- Exercise: Print all of the data below exactly as it appears, leaving out every image.

- Information provided:
________
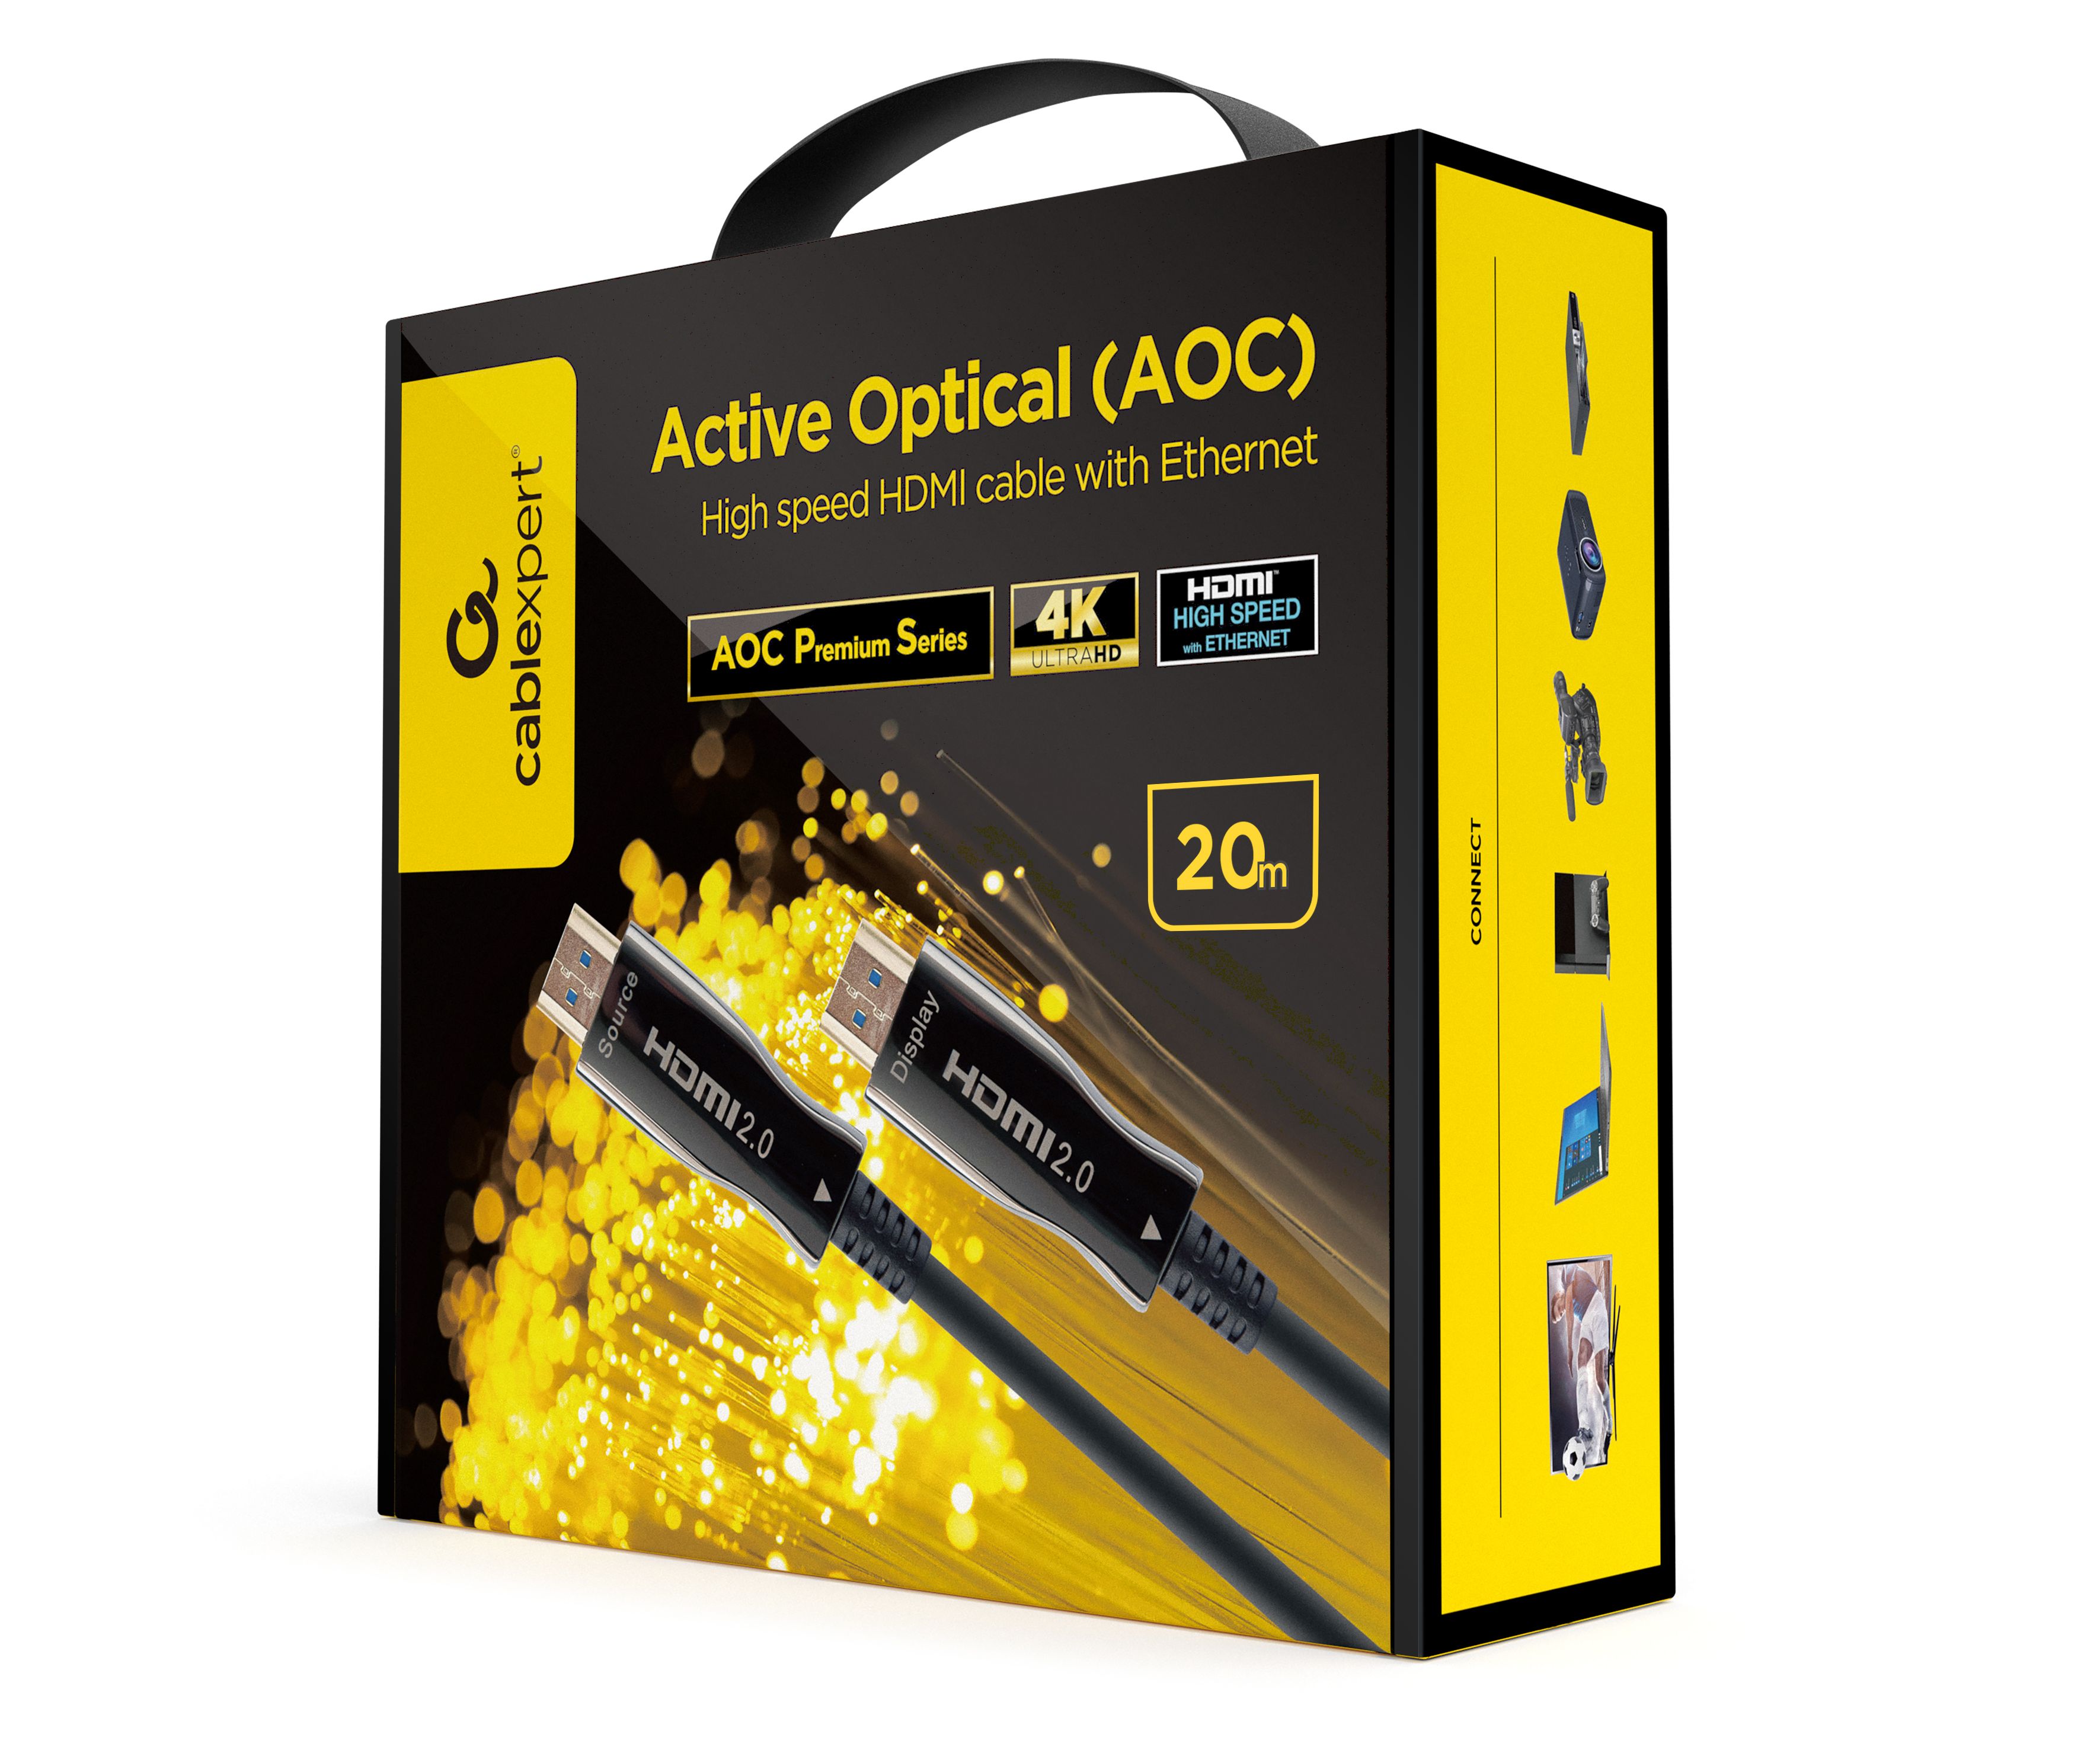 GEMBIRD Active Optical AOC High speed HDMI cable with Ethernet AOC Premium Series 20m_1
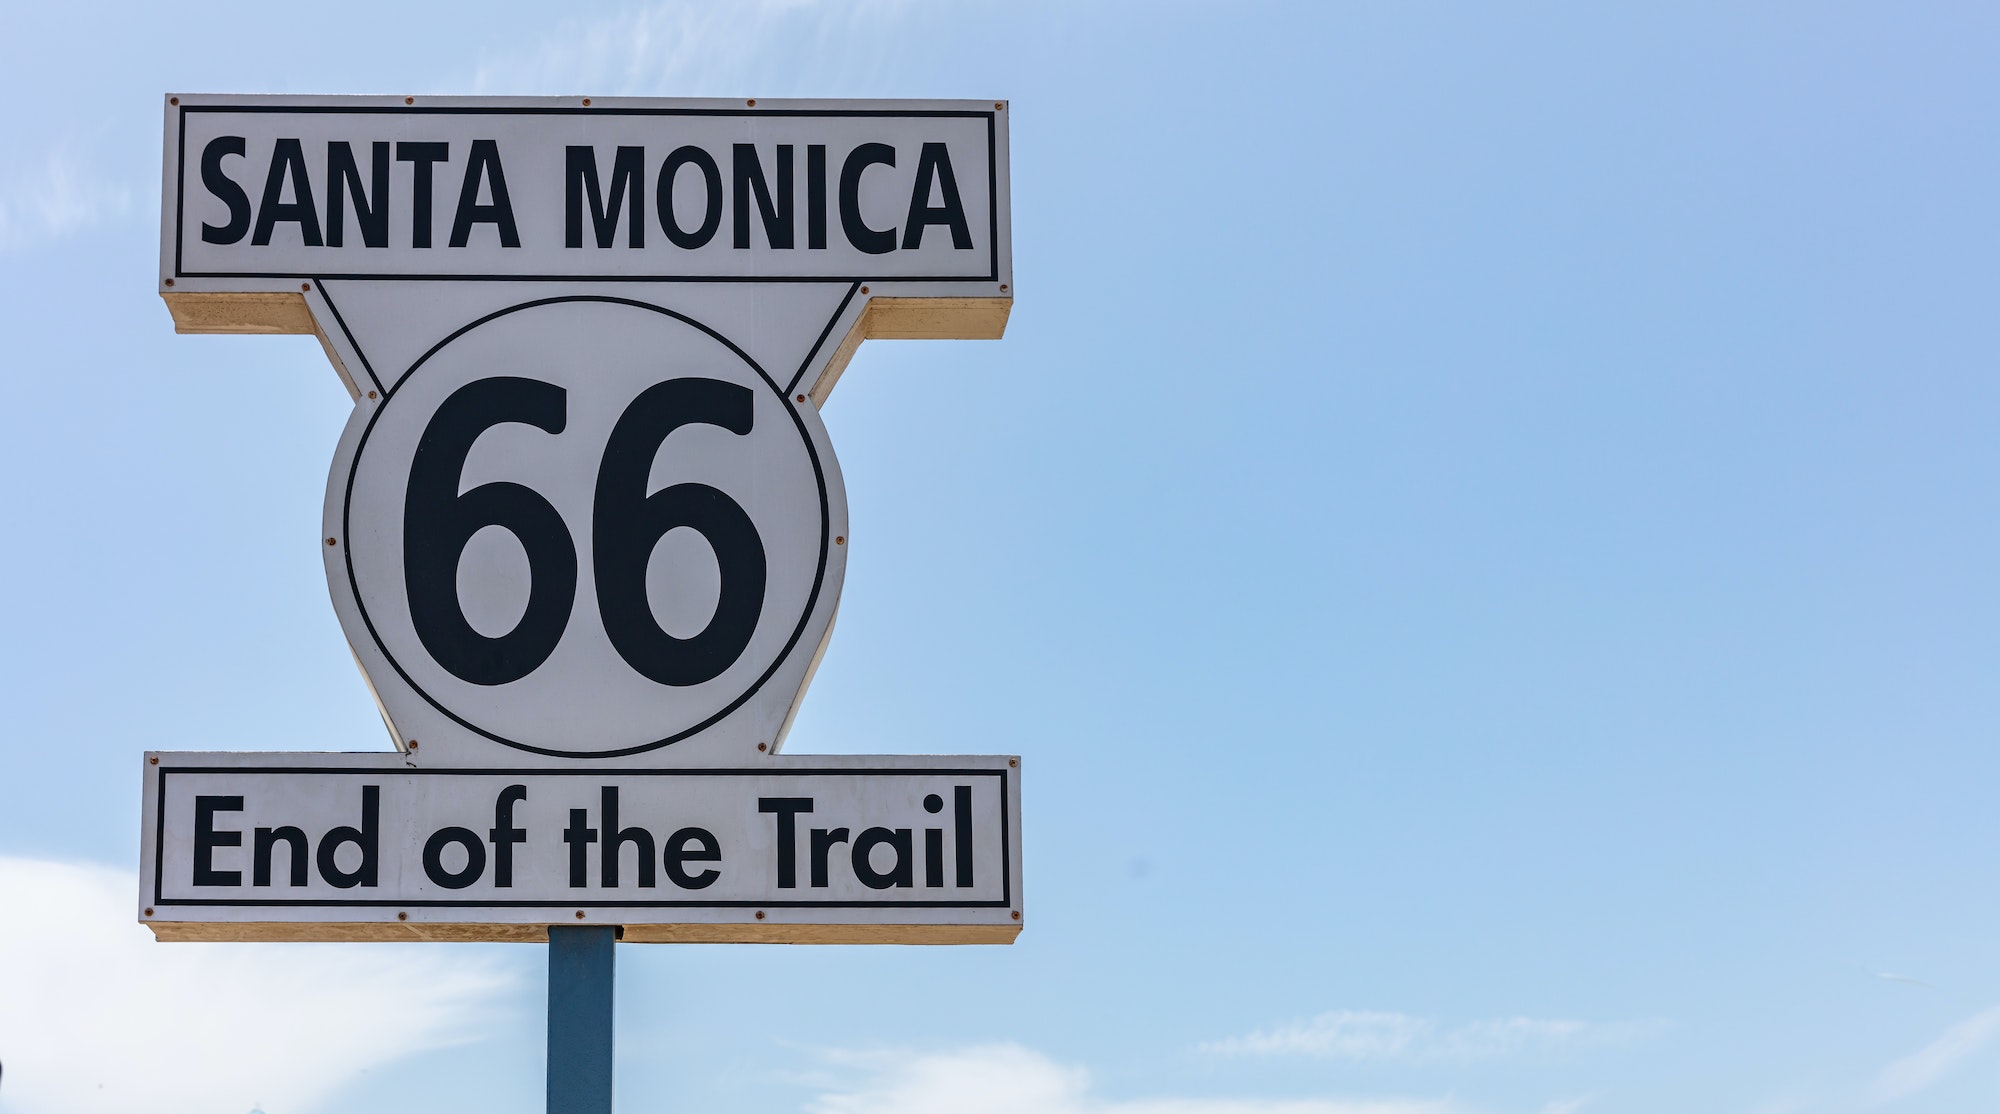 Route 66 Santa Monica End of the trail.
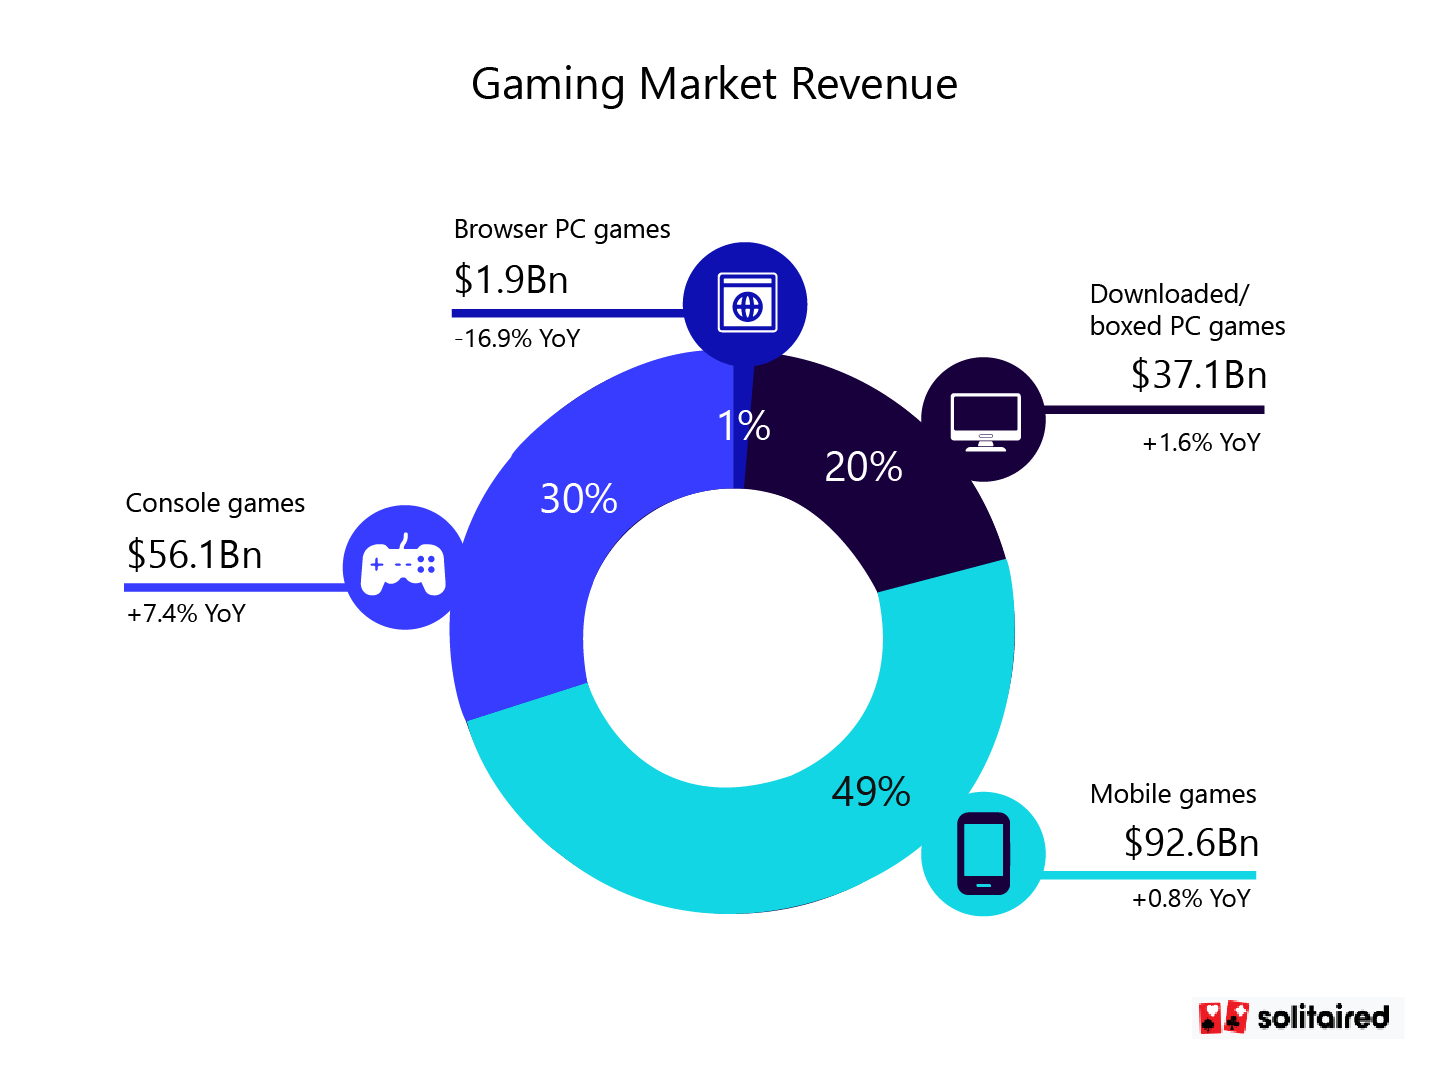 Gaming market revenue by device type
________
- Task result:
 GEMBIRD Active Optical AOC High speed HDMI cable with Ethernet AOC Premium Series 20m_1
 Route 66 Santa Monica End of the trail.
 Gaming market revenue by device type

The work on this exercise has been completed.